Катастрофу можно было предвидеть, но на этот раз чутье подвело Анатолия Павловича. Он соблюдал осторожность и опасался множества неприятных сюрпризов, но того, что случилось, не мог себе даже вообразить.
А было так. В начале первого ночи, миновав лесной массив и уже под высокой полной луной вырвавшись на простор заросших бурьяном и кустарником полей, он въехал в ремонтный цех заброшенной машинно-тракторной станции, где накануне спрятал свой внедорожник. Замаскированный гнилыми досками и обрывками старого рубероида джип никуда не делся и выглядел нетронутым — как, впрочем, и следовало ожидать в этих обезлюдевших, одичавших, как после большой войны или серьезной техногенной катастрофы, местах. Не теряя даром ни секунды драгоценного ночного времени, Анатолий Павлович старательно протер тряпочкой все, к чему прикасался, вышел из «девятки», протер дверную ручку и забрал с заднего сиденья спортивную сумку, оставив двери распахнутыми настежь.

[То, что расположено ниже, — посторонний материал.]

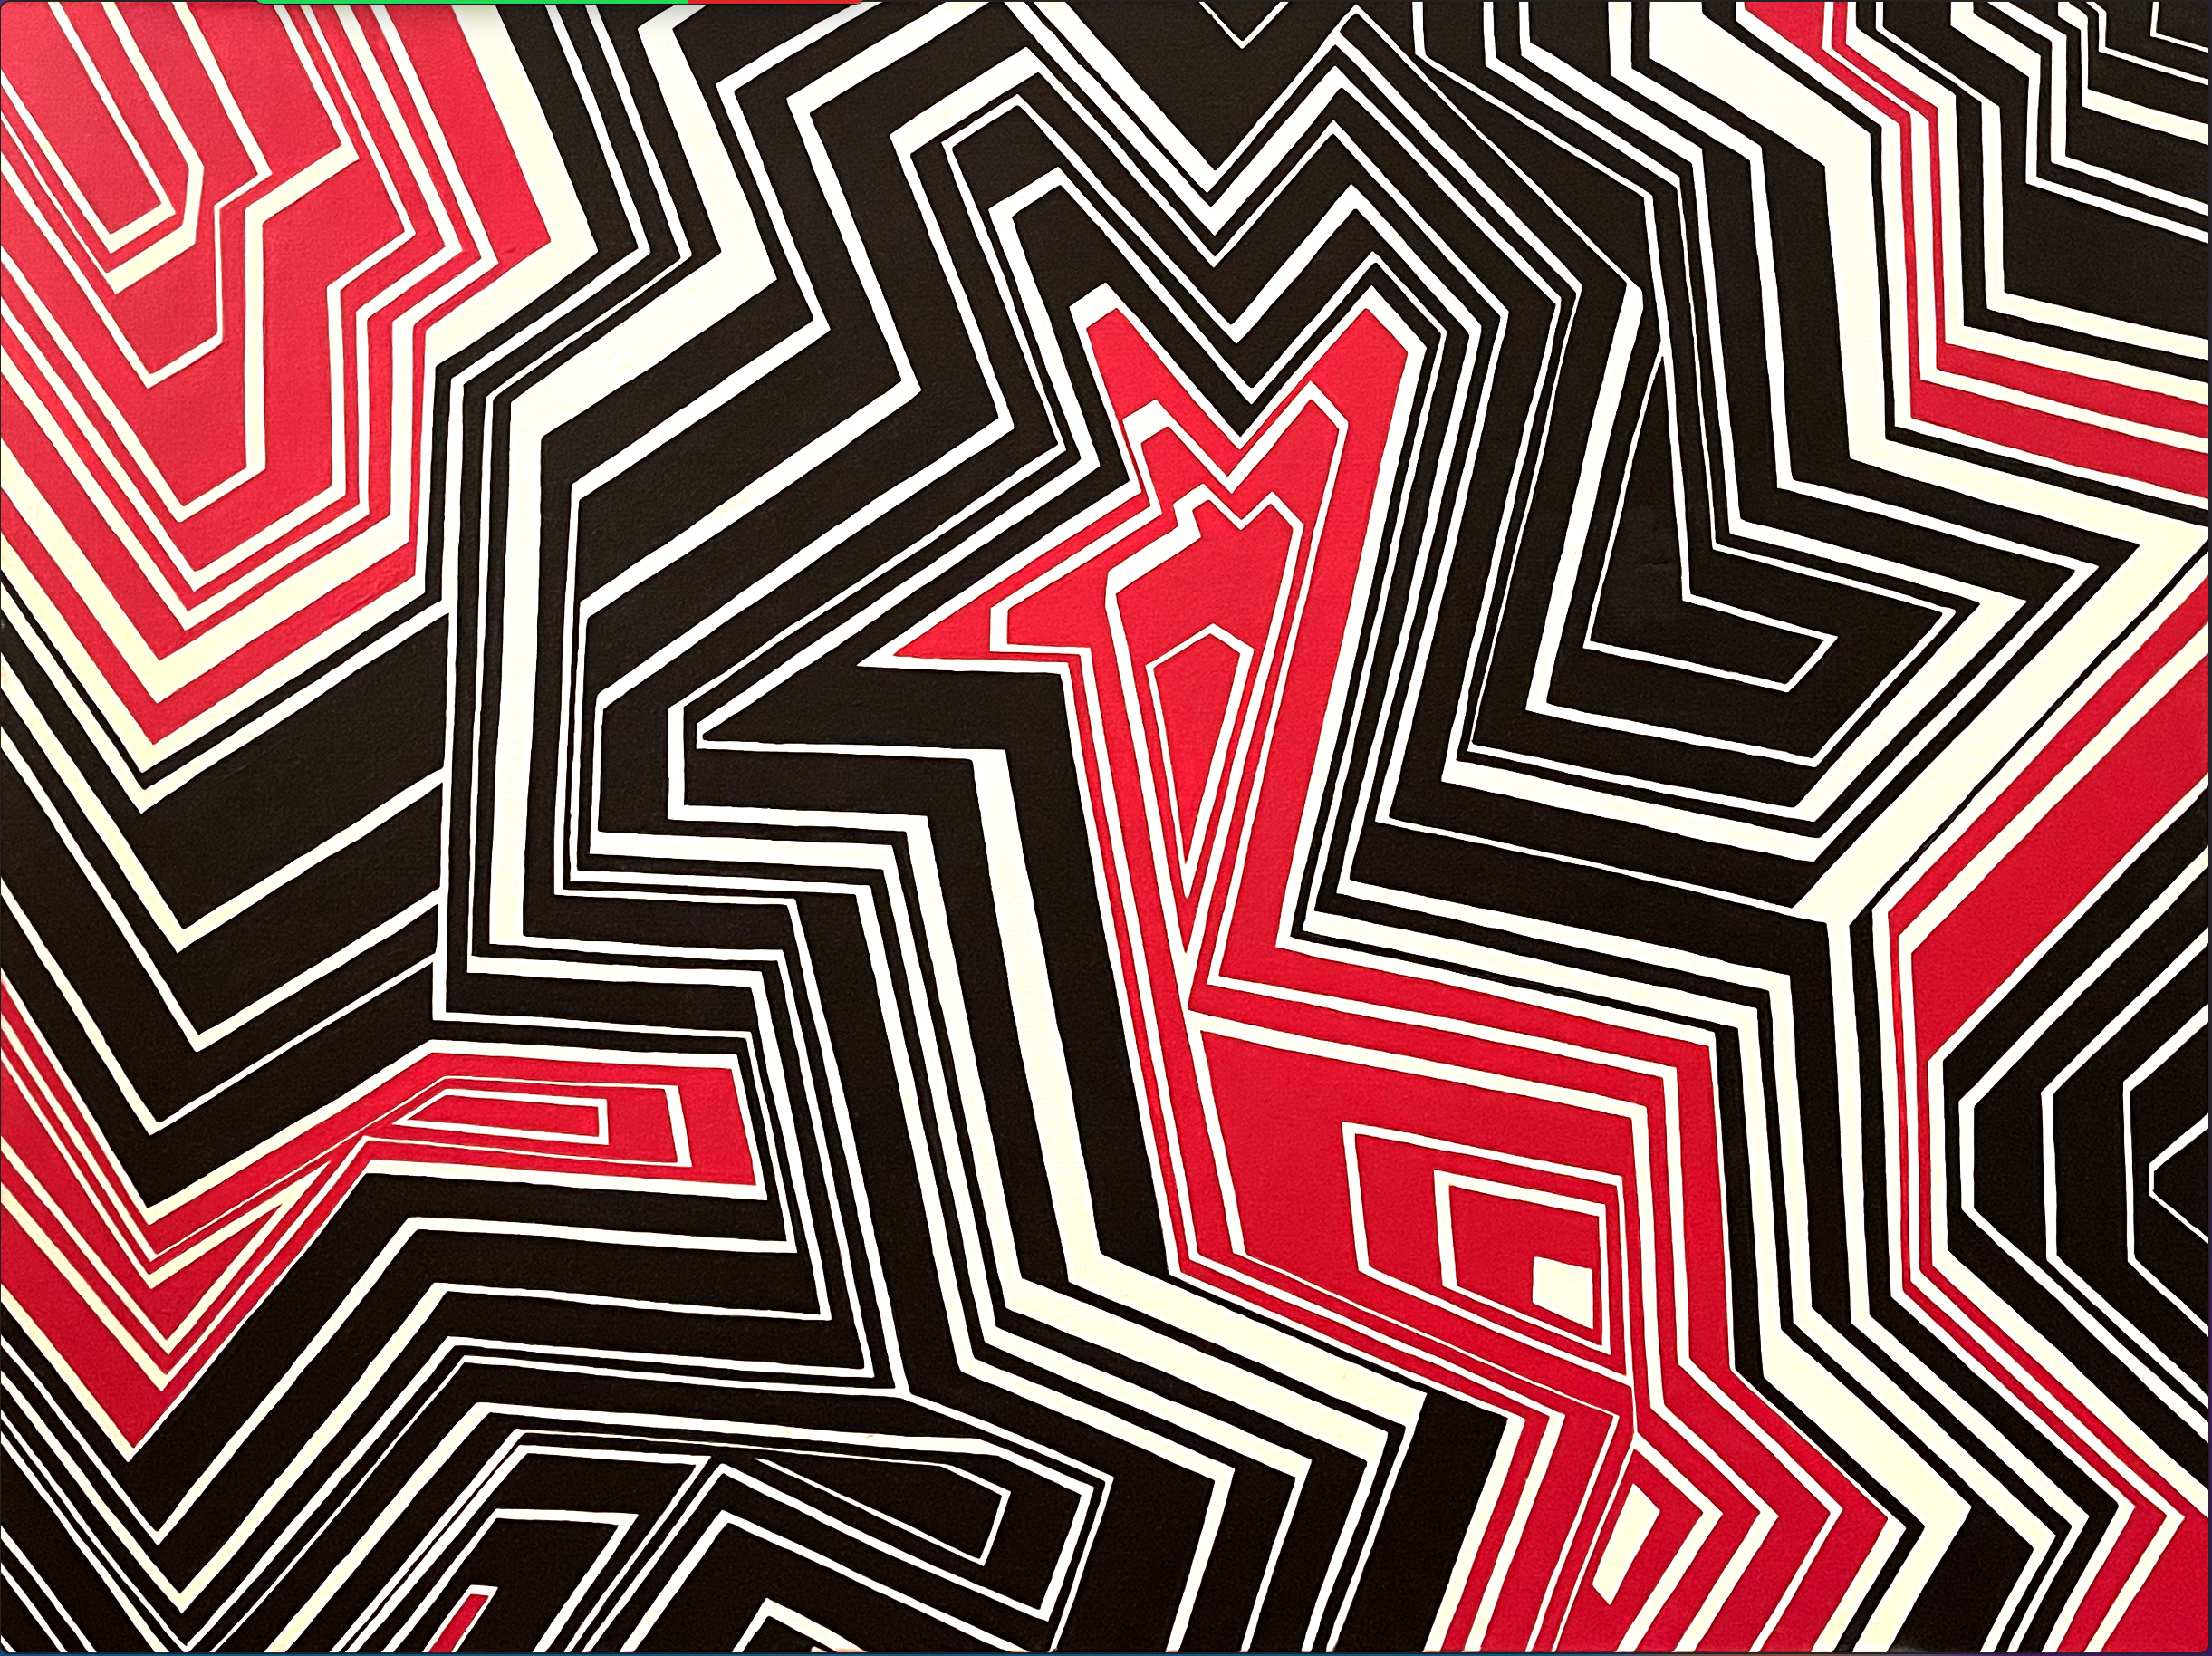 Asf paintings abstract black red 001 web danfyh
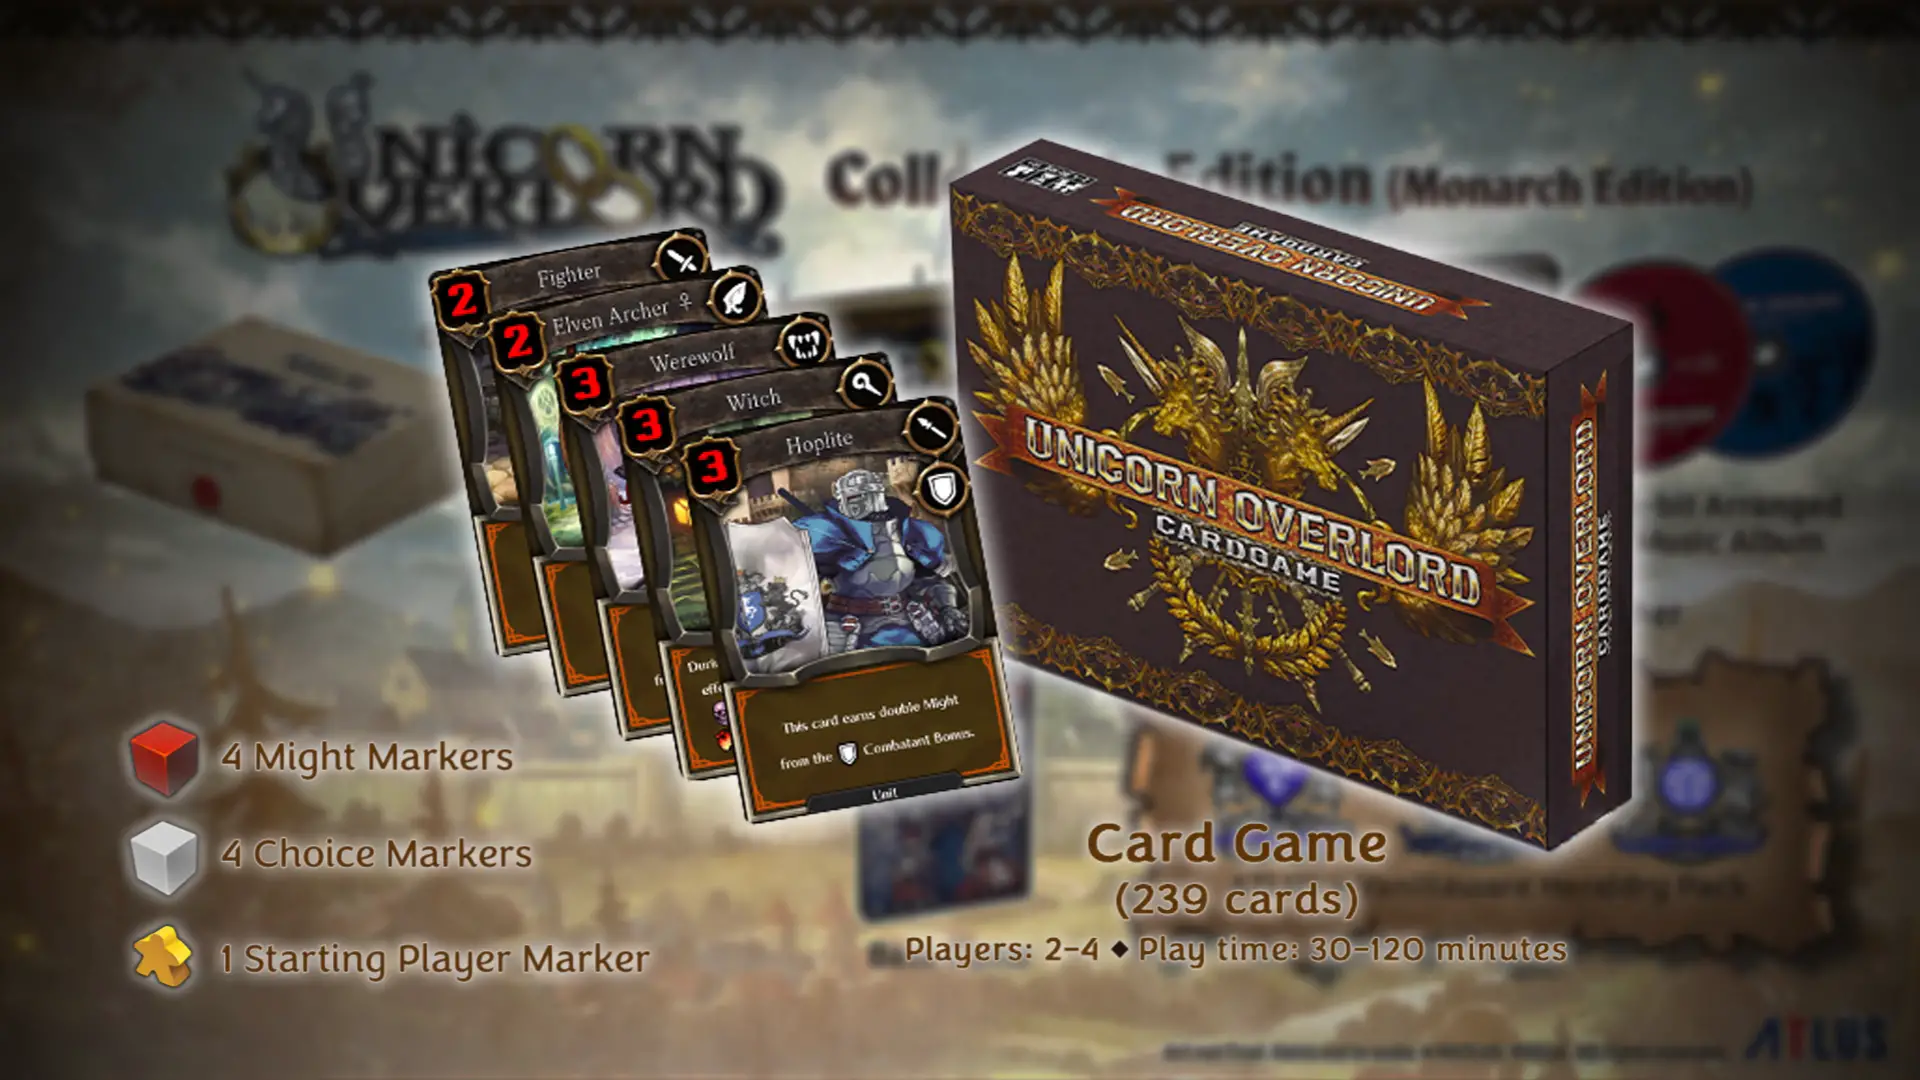 New Unicorn Overlord Trailer Details Real-Life Card Game Included in Collector’s Edition

Устроившись за рулем своего джипа и запустив двигатель, полковник включил в салоне верхний свет и поставил на колени сумку с деньгами: машине все равно нужно прогреться, так почему бы не совместить приятное с полезным?
Мощный мотор бархатисто мурлыкал под капотом, наполняя салон едва ощутимой приятной вибрацией. Растягивая удовольствие, полковник закурил и неторопливо, наслаждаясь каждым мгновением своего триумфа, потянул справа налево язычок «молнии». Замок открылся с характерным мягким стрекотанием, матерчатые края сумки разошлись в подобии широкой приветственной ухмылки, и при свете потолочного плафона полковник увидел внутри наваленные грудой обандероленные пачки стодолларовых купюр.